EXERCISE DETAILS:
Beneath this instruction is a block of data; output from it exactly the lines that run from the one containing "Walnut and seagrass" through the one containing "How To Cook Mini Corn Dogs In Air Fryer", inclusive.

Dataset excerpts:
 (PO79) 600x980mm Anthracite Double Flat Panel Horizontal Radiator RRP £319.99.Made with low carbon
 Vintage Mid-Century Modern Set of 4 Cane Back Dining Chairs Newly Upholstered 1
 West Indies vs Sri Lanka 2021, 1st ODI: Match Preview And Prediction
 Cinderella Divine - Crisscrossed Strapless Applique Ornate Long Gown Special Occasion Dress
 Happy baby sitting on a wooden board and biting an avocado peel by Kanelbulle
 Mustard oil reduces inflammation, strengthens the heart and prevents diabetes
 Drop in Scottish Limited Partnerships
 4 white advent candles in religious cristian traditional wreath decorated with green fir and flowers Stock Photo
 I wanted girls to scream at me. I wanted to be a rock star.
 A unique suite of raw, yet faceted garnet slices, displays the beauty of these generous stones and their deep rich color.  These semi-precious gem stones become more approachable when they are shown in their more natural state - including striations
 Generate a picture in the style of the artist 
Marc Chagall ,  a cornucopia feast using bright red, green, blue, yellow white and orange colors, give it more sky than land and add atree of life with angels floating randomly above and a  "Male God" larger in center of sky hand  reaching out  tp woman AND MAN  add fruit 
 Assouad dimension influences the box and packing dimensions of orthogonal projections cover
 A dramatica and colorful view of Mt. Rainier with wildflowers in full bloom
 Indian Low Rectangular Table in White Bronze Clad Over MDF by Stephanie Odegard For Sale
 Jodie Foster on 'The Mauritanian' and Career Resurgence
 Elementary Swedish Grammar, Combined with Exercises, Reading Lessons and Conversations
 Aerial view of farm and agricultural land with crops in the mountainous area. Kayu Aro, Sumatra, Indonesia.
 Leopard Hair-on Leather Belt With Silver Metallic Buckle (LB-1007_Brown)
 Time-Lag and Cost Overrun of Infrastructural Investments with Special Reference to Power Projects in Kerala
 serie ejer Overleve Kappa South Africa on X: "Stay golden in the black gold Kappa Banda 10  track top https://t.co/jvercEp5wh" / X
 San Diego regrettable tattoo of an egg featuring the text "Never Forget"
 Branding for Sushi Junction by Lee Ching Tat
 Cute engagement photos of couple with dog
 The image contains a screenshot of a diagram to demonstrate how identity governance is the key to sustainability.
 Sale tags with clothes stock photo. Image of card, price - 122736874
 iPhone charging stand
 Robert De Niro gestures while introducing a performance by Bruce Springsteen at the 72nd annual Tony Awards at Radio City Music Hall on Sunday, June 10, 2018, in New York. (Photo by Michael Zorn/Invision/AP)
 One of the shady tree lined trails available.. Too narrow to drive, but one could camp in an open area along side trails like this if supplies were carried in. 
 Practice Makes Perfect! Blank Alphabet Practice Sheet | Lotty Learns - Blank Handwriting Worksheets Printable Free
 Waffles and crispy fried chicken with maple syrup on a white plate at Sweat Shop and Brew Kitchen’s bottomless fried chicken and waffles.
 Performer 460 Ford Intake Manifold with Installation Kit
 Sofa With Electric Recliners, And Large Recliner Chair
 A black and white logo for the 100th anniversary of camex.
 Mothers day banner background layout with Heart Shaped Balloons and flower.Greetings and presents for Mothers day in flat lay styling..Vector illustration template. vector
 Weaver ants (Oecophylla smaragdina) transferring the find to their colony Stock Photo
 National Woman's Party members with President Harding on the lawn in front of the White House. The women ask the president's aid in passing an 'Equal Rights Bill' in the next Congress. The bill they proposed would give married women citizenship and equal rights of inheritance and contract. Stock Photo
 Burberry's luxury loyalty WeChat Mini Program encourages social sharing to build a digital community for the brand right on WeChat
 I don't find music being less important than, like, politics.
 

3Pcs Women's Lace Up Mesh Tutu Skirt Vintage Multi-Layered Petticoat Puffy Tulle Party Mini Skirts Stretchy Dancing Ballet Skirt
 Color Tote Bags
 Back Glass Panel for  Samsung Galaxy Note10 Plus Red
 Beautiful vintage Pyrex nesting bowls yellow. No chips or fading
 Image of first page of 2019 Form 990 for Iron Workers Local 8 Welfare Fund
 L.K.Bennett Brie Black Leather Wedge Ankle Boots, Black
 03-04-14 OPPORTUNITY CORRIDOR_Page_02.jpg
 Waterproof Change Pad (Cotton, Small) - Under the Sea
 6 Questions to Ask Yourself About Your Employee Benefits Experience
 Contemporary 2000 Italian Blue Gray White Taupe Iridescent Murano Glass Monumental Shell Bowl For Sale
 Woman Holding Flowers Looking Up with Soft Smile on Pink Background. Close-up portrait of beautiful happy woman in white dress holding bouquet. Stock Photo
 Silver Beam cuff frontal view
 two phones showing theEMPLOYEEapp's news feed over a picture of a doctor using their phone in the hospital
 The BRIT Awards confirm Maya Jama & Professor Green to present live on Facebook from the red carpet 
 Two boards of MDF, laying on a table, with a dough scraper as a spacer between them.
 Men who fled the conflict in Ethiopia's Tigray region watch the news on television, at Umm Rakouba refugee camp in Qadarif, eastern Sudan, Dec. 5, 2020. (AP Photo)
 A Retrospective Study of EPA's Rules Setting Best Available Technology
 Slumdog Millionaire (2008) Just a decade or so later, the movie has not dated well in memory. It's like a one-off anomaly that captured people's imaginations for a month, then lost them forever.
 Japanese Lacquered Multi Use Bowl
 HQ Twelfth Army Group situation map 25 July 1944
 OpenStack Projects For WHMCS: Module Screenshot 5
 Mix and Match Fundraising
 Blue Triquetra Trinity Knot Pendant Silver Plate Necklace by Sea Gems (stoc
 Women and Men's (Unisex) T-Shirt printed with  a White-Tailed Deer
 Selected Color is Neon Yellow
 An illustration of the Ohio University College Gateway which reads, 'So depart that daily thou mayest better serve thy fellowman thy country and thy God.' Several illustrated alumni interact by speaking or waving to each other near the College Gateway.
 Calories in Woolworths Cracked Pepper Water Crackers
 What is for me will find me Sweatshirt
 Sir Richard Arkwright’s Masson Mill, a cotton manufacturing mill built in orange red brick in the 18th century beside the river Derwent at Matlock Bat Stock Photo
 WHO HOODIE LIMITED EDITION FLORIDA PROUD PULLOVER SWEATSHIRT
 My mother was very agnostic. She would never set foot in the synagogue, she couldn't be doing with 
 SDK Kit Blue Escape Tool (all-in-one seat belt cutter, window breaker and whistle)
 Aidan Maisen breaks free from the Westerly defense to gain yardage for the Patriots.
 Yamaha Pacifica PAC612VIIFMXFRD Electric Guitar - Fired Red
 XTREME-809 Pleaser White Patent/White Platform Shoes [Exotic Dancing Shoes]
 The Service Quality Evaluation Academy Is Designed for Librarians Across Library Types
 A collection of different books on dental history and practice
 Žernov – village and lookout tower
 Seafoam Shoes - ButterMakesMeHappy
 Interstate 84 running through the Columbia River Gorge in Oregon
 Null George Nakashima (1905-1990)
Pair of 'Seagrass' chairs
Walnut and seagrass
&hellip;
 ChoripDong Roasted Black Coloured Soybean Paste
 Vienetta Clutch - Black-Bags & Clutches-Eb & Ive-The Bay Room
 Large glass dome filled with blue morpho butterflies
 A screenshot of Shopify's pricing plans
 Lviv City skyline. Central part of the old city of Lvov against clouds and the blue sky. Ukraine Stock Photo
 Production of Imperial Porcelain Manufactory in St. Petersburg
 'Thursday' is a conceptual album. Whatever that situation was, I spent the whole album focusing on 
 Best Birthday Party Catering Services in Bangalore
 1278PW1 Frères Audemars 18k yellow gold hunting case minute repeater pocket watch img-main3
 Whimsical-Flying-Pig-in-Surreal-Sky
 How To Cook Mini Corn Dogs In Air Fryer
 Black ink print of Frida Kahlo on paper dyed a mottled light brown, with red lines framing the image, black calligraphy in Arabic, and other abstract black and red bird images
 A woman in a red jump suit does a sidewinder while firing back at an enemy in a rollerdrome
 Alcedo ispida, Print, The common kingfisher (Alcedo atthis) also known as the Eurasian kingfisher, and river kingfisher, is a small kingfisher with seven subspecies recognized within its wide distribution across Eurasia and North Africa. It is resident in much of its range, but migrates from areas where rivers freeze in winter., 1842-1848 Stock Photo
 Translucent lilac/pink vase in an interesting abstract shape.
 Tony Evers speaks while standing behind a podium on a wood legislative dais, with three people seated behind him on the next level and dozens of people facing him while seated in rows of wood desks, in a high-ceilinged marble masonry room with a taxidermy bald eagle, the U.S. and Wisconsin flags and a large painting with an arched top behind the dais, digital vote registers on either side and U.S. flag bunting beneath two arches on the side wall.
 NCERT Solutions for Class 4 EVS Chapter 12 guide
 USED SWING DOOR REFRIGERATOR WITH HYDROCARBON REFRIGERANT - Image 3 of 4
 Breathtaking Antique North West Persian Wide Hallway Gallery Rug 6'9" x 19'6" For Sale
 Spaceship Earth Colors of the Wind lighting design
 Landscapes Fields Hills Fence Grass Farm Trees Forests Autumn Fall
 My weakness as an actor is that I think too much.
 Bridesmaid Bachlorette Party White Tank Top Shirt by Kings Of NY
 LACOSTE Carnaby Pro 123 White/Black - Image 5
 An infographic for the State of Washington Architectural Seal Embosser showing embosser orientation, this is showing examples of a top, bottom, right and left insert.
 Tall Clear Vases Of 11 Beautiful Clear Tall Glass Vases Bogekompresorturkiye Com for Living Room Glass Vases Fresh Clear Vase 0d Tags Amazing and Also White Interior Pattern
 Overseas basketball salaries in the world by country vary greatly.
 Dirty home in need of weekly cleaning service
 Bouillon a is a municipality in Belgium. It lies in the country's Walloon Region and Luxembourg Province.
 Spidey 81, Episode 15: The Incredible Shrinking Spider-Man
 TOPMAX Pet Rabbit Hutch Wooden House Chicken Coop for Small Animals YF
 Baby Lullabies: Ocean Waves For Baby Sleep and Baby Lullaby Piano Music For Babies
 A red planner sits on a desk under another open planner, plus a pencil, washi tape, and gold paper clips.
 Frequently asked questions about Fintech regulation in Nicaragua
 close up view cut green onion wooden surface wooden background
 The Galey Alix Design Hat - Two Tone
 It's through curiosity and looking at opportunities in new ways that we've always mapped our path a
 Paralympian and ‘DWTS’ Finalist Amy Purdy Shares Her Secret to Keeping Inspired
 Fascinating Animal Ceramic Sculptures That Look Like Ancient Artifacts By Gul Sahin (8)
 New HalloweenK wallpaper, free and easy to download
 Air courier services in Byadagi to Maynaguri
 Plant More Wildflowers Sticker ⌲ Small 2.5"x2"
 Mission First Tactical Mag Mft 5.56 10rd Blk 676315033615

SOLUTION BELOW:
Walnut and seagrass
&hellip;
 ChoripDong Roasted Black Coloured Soybean Paste
 Vienetta Clutch - Black-Bags & Clutches-Eb & Ive-The Bay Room
 Large glass dome filled with blue morpho butterflies
 A screenshot of Shopify's pricing plans
 Lviv City skyline. Central part of the old city of Lvov against clouds and the blue sky. Ukraine Stock Photo
 Production of Imperial Porcelain Manufactory in St. Petersburg
 'Thursday' is a conceptual album. Whatever that situation was, I spent the whole album focusing on 
 Best Birthday Party Catering Services in Bangalore
 1278PW1 Frères Audemars 18k yellow gold hunting case minute repeater pocket watch img-main3
 Whimsical-Flying-Pig-in-Surreal-Sky
 How To Cook Mini Corn Dogs In Air Fryer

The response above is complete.